Table 1 presents the execution time of the proposed square root floating point (FP) CORDIC algorithm and FPGA resources utilized after logical synthesis on the chips. Table 2 collects the same results after FPGA implementation by means of the Xilinx Vitis HLS tool that provides optimization of the resources used.
First, one of the widely used FPGA Artix-7 chips was chosen. The clock frequency was set to a default value of 100 MHz, because many other FPGAs can operate at this frequency. This makes it easier to compare the achievements of FPGAs originating from different families. The execution time and the resources used after the logical synthesis using the Xilinx Vitis tool for Artix-7 are presented in Tab. 1. Our floating point CORDIC function required 7 clock cycles to generate output, i.e. 70 ns.
Implementing the proposed function on the smallest available chip of the Artix-7 family (xc7al2t-cpg238-3) required 4 (8.8%) built-in DSP blocks, 982 (12.28%) LUTs, and 416 (2.6%) flip-flops. Xilinx does not disclose the results of the own implementation of the CORDIC v. 6.0 IP on Artix-7 FPGAs [29].

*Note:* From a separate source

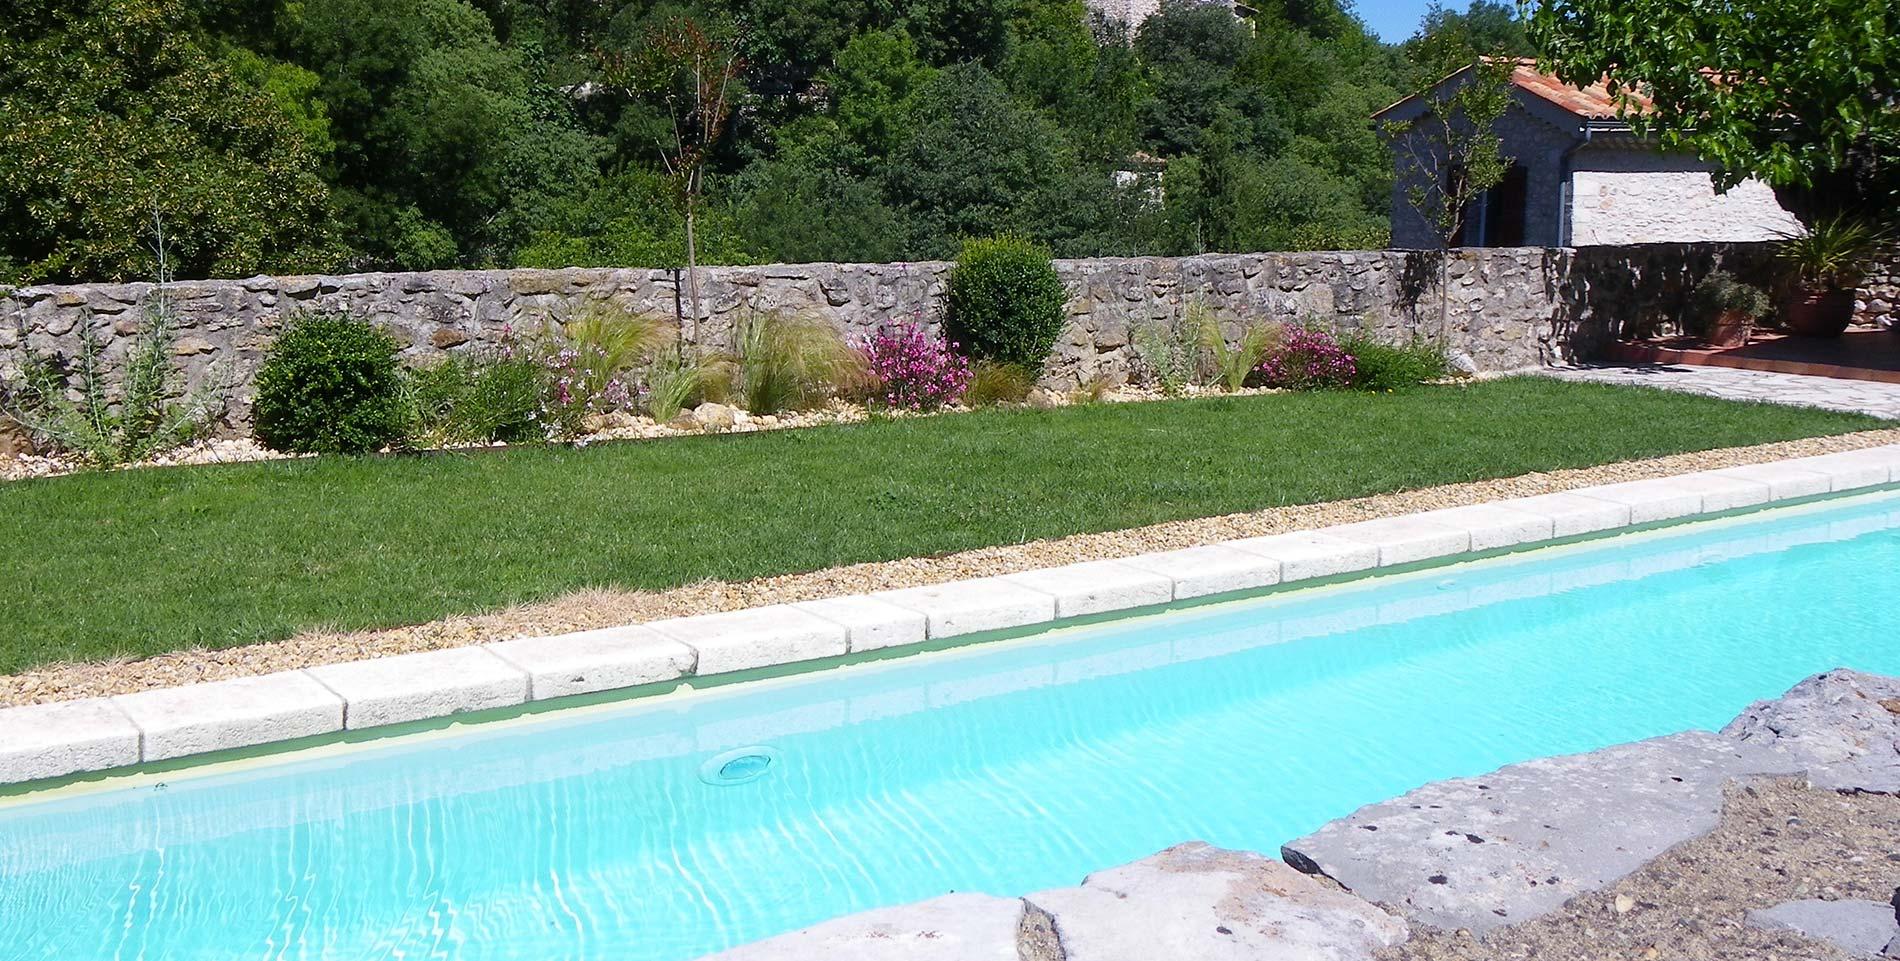 Location de g tes avec piscine gorges de la c ze ard che for Ardeche gites piscine

Next, the Kintex-7 FPGA was tested. The proposed function took 5 clock cycles (50 ns) to complete. Implementation of the algorithm on the smallest chip of the Kintex-7 family (xc7k70t-f bv676-3) required 4 (1.7%) built-in DSP blocks, 862 (2.10%) LUTs, and 262 (0.32%) flip-flops. According to Xilinx [29], their square root in CORDIC IP occupied 2184 LUTs, and 1328 flip-flops on the Kintex-7 chip, which is approximately 2.5 times more LUTs, and 5 times more flip-flops than in the proposed solution.
Furthermore, we implemented the algorithm on the Kintex-7 Ultra (Kintex-7U) FPGA. The execution took 4 clock cycles (40 ns) on the smallest chip of the Kintex-7 Ultra family (xckull5-f lval517-3-e) and required 2 (0.04%) built-in DSP blocks, 862 (0.13%) LUTs, and 210 (0.02%) FFs. According to Xilinx [29], their SQRT function occupied 2278 LUTs and 1336 flip-flops, which is approximately three times more than for the proposed solution.
The last FPGA variant of the Kintex-7 family was Kintex-7 Ultra Plus (Kintex-7 UP). In this case, the algorithm was executed in 2 clock cycles (20 ns) only. It means that implementation on the smallest chip of the Kintex-7 Ultra Plus family (xcku3p-sf vb784-3-e) required 2 (0.15%) built-in DSP blocks, 1042 (0.64%) LUTs, and 199 (0.06%) FFs. The Xilinx solution uses 2208 LUTs and 1334 FFs. This is also approximately 2.12 times LUTs more and 6.7 times more flip-flops than for the proposed solution.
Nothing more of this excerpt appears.